The problem here is that I, as a working class person, suspect at a visceral level that those Very Significant Things are a load of crap. A bunch of working class patients feel the same way, which is one reason why it has been so difficult to bridge the gap between working class culture and acupuncture professional culture. If you find this observation jarring, ask yourself if these Very Significant Things are indeed very significant in the context of “Finding Normal”. Do the mentors put a lot of energy into what they wear, what letters are behind their names, the quantity of what they know, what other people think of them, or what they get paid?

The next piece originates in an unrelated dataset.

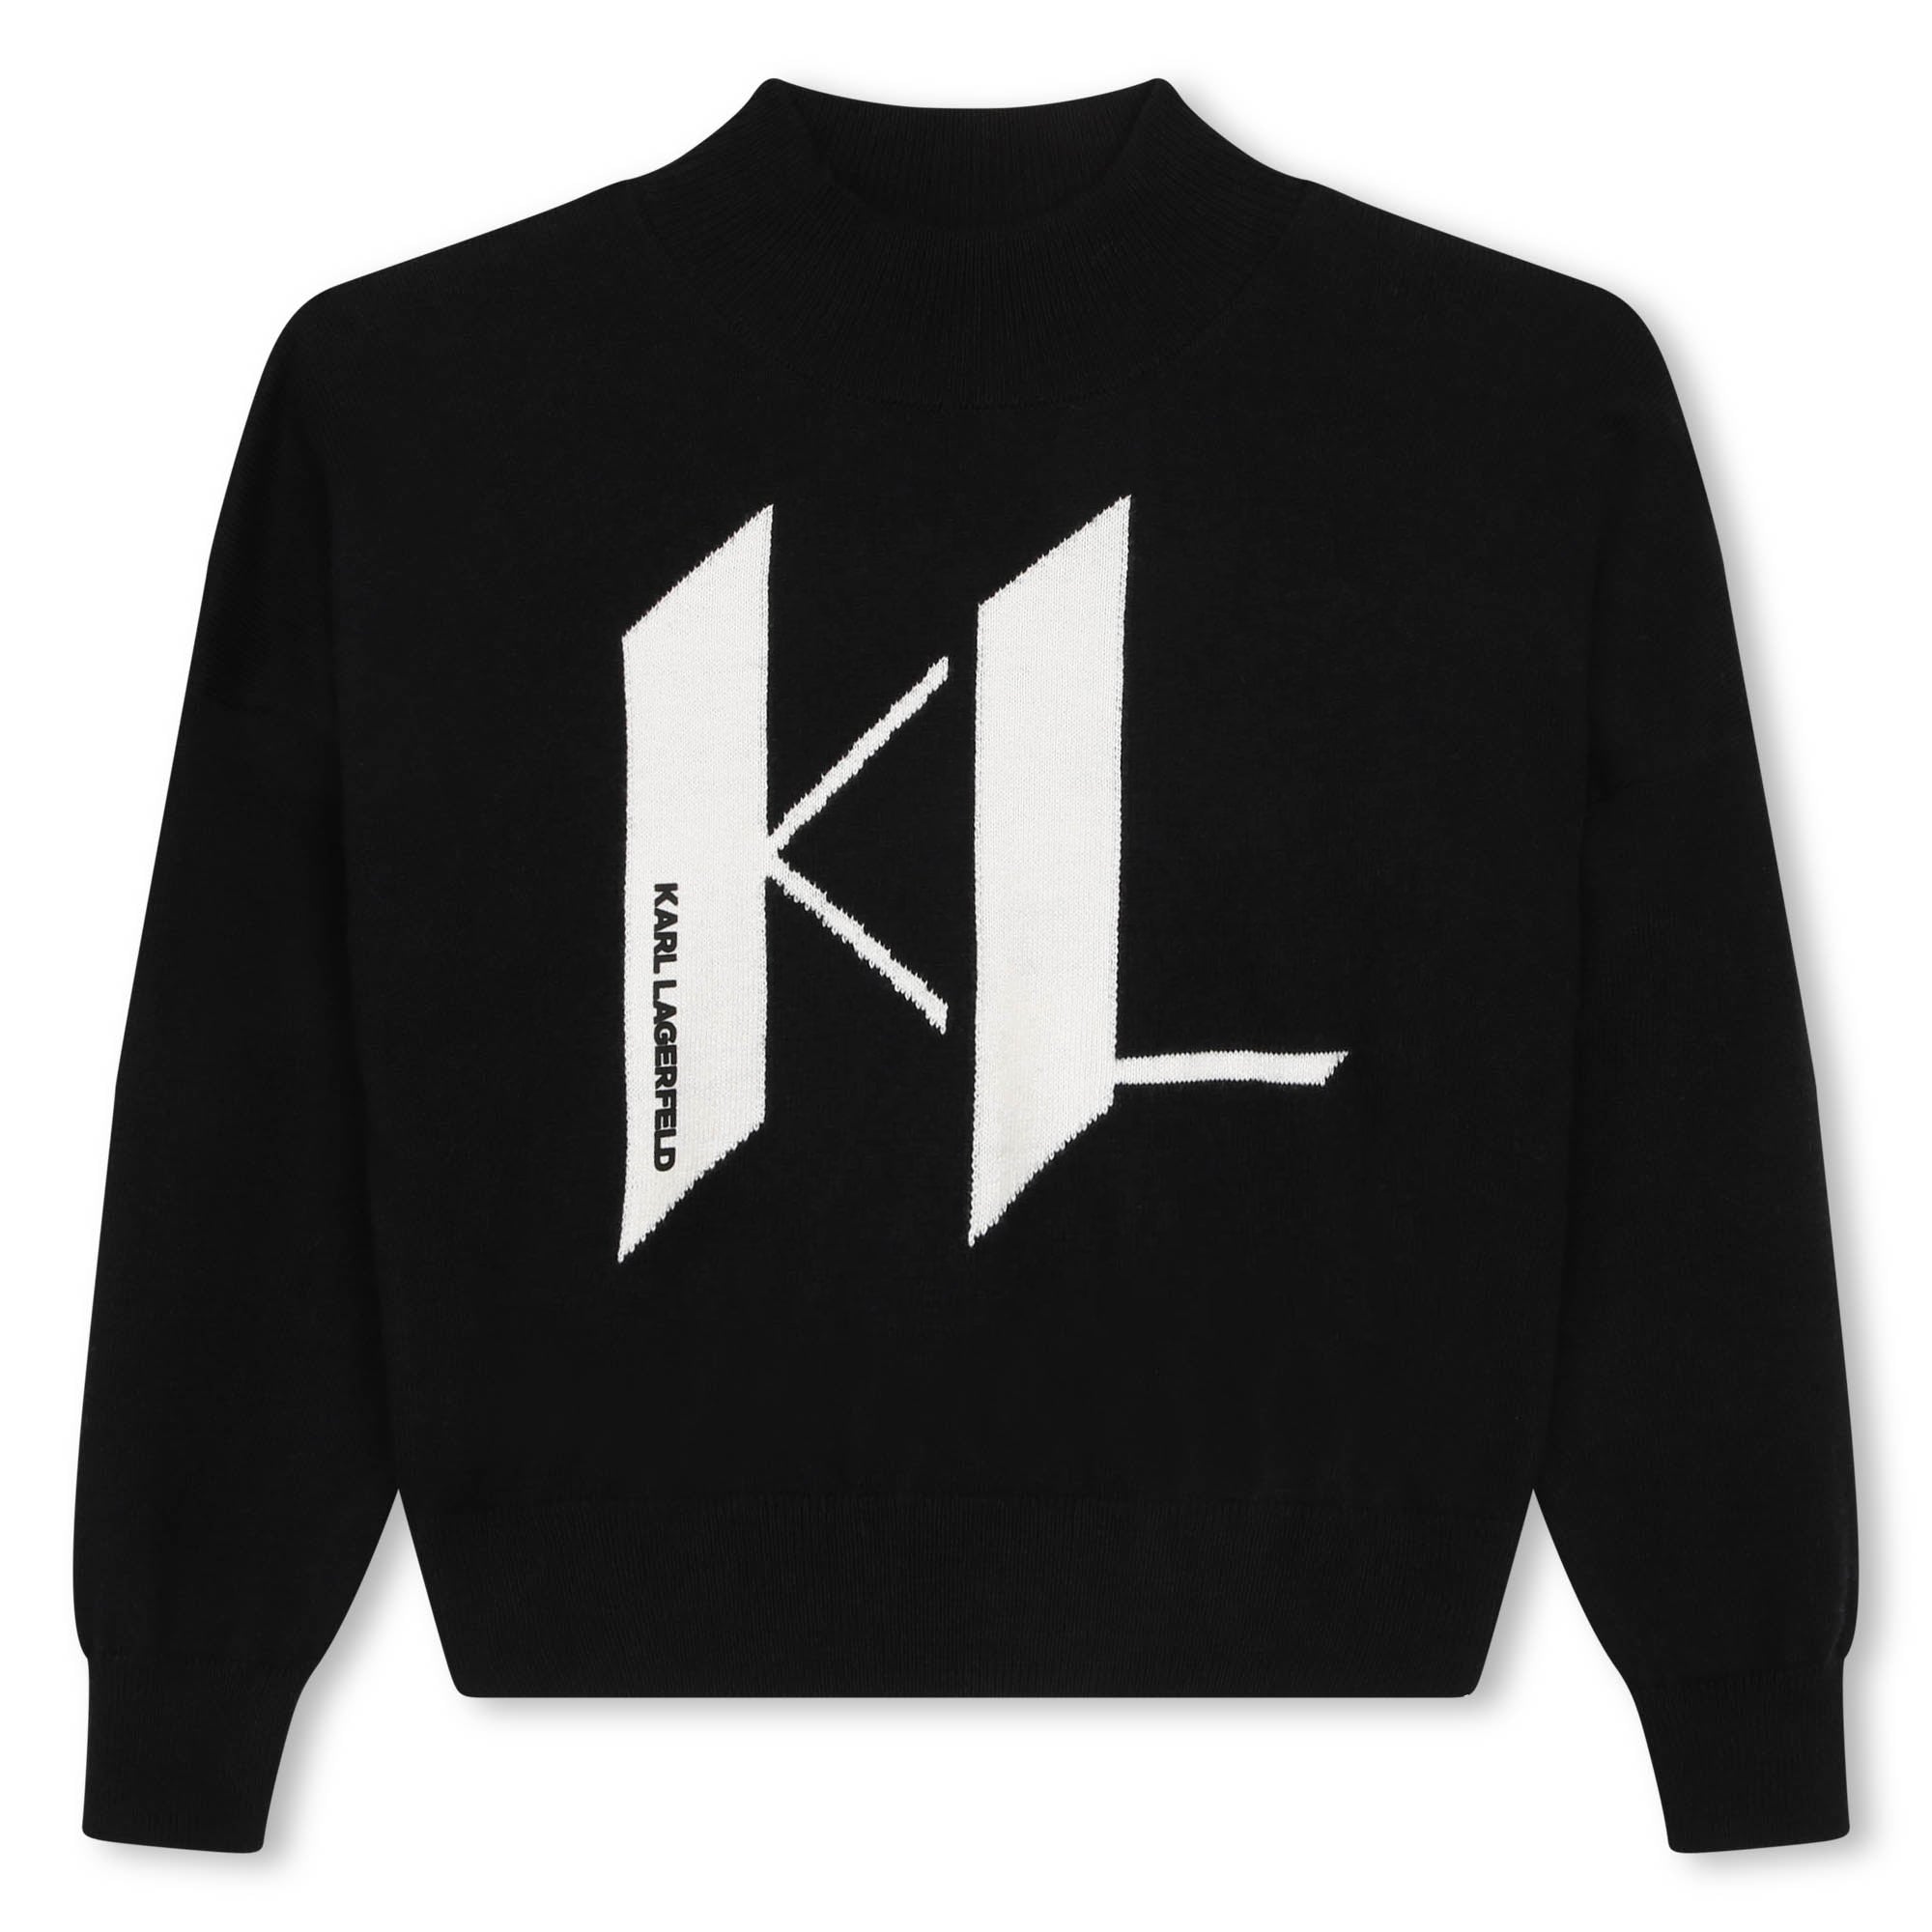 KL logo artwork sweater by Karl Lagerfeld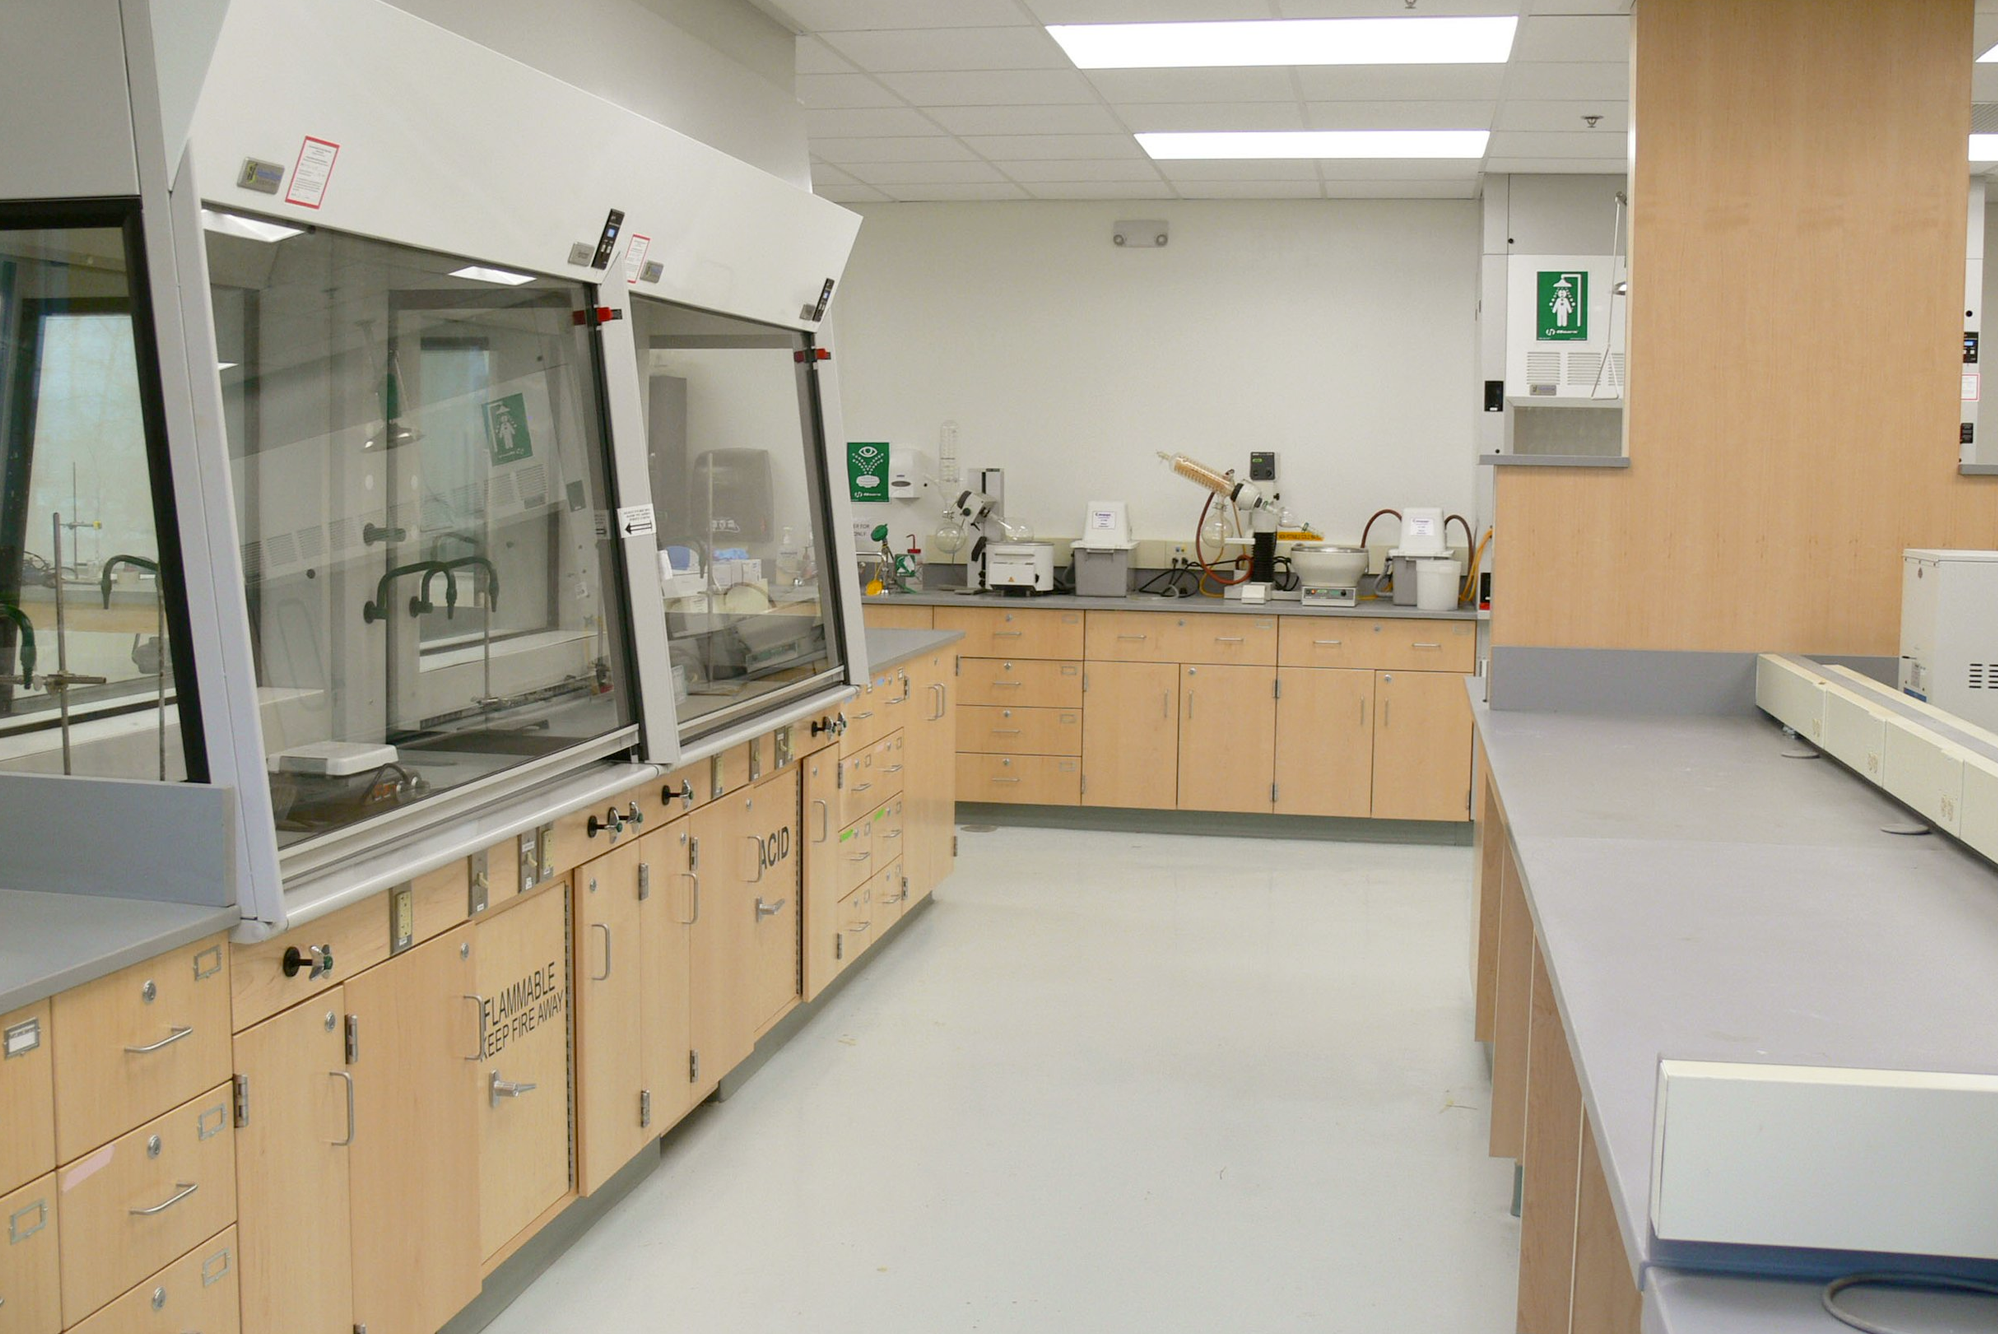 Interior, Olney Teaching Laboratory at UMass Lowell, work stations, fume hoods, storage, equipment

In working class culture, professionalism is about your relationship to your job — your job itself, not all that other extraneous stuff. It’s about putting your job first, making sacrifices of time and energy and effort to become really good at something, and taking pride in that.  A professional is someone who can put himself or herself aside, if necessary, to do his or her job really well, who can consistently rise to the occasion to do the job as it needs to be done. If you’re a working class professional, you believe that the work you do is worth doing, and that is why you do it, not just because you get paid for it. You care about doing it well, regardless of whether anybody is watching you or applauding you or thinking that what you do is important.  If you’re really lucky, like David Fitzgerald, you can say you were “born to do this shit”.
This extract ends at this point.